Позавчера, поздно вечером, весь дружный коллектив базы, исключая директора, смотрел фильм по телевизору. Фильм был бесцветный, безвкусный, бестолковый, но беспокойный – кто-то суетился и пытался от кого-то с экрана сбежать. Все четверо зрителей сидели на одной скамье – зеленой, с железными некрашеными лапками. Инструкторша Машка сидела рядом с Гришей, и Гриша не замечал ее до тех пор, пока она не придвинулась и не коснулась теплым бедром. Гриша не отодвинулся и продолжал смотреть, но экран ушел из фокуса. Бедро придвинулось плотнее. Если она подаст мне еще и коленку, – подумал Гриша, – то я приглашу ее сегодня на пляж и там что-нибудь будет. «Что-нибудь» – это самый точный термин, который Гриша мог применить к событиям ближайшего будущего: до сих пор самое глубокое его отношение с женщиной состояло в прикосновении к бедру одноклассницы, год назад. Одноклассница даже не сказала, а только посмотрела так, что на целый год отбила охоту к кому-нибудь притрагиваться. Впрочем, Грише было всего семнадцать с половиной, и он уже составил план: к восемнадцати соблазнить трех женщин, разбить их сердца, найти верную подругу жизни и взять с нее клятву верности. Подруга будет ждать его мужественного возвращения из войск, потом он заработает кучу денег, женится, создаст одного ребенка, уедет за границу, там сделает что-нибудь особенное и еще одного ребенка, любимого, найдет себе вторую женщину и откроет магазин. План был довольно конкретен, и Машка годилась, как первая из трех, намеченных к соблазнению. Машка подала не коленку, а плечо, и Гриша продолжал сидеть в нерешительности – такого оборота судьбы он не планировал.

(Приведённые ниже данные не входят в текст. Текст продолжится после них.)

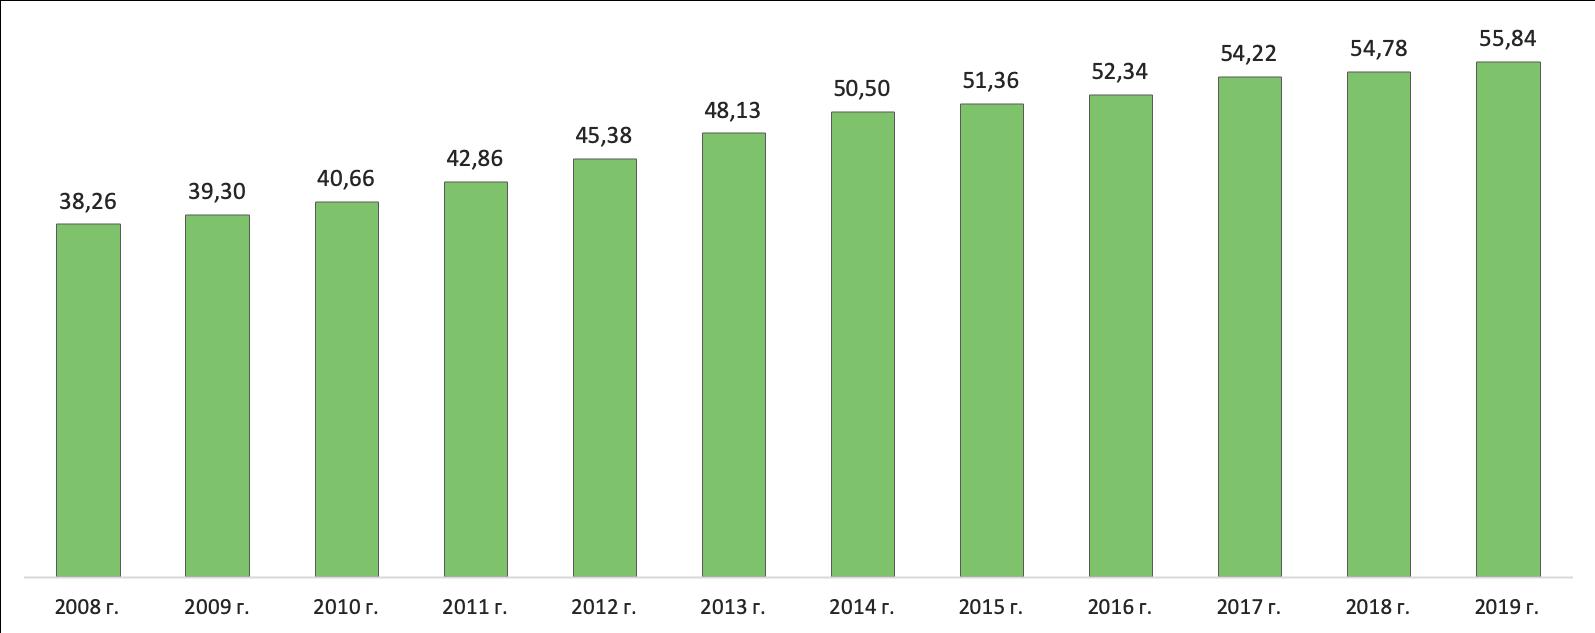 Статистика российского рынка легковых автомобилей

Телевизор в тот вечер звучал достаточно мощно, и Машка стала задавать разные вопросы, на ушко, как это всегда делают женщины, наметившие себе возможного сердечного друга: вопросы были о прошлом Гриши, о его семье, о его увлечениях и, конечно, о его девушках. Отвечая, Гриша увеличил количество своих девушек на две условных единицы и получилось так, что у него целых две девушки. "Как же так? – сказала Машка и вроде бы обиделась, из солидарности со всем женским полом, – они же наверное, тебя любят?" "Само собой", – ответил Гриша и сделал гордое выражение, которое обычно означает, что мальчику стыдно. Интересно, что бесстыдники гордого выражения делать не умеют. Губы дышали в самое ухо – тепло и влажно. Когда фильм окончился, Машка сказала, так же тепло и влажно, что хочет погулять, и предложила пройтись к пляжу. Гриша с тревожной радостью согласился и побрел, цепляясь ногами в пахучих травах. На пляже, у щита с надписью "купаться запрещено", Машка вдруг остановилась и сказала, какая хорошая ночь. Точно, хорошая, ответил Гриша и отступил к щиту, и увяз в песке пятками, и почувствовал, что дальше отступать некуда. "Просто необыкновенная ночь", – сказала Машка совершенно будничным голосом, прижала его к щиту и стала хрипло целовать, и по ее лицу текли слезы, а сердце ее бойко стучало и было легко ощутимо даже сквозь значительный слой плоти. Гриша сказал: "Не надо, пожалуйста!", – вырвался и убежал. На следующий день Машка улыбнулась и поздоровалась и вела себя так, будто ничего не случилось. С тех самых пор Гриша ее и не любил.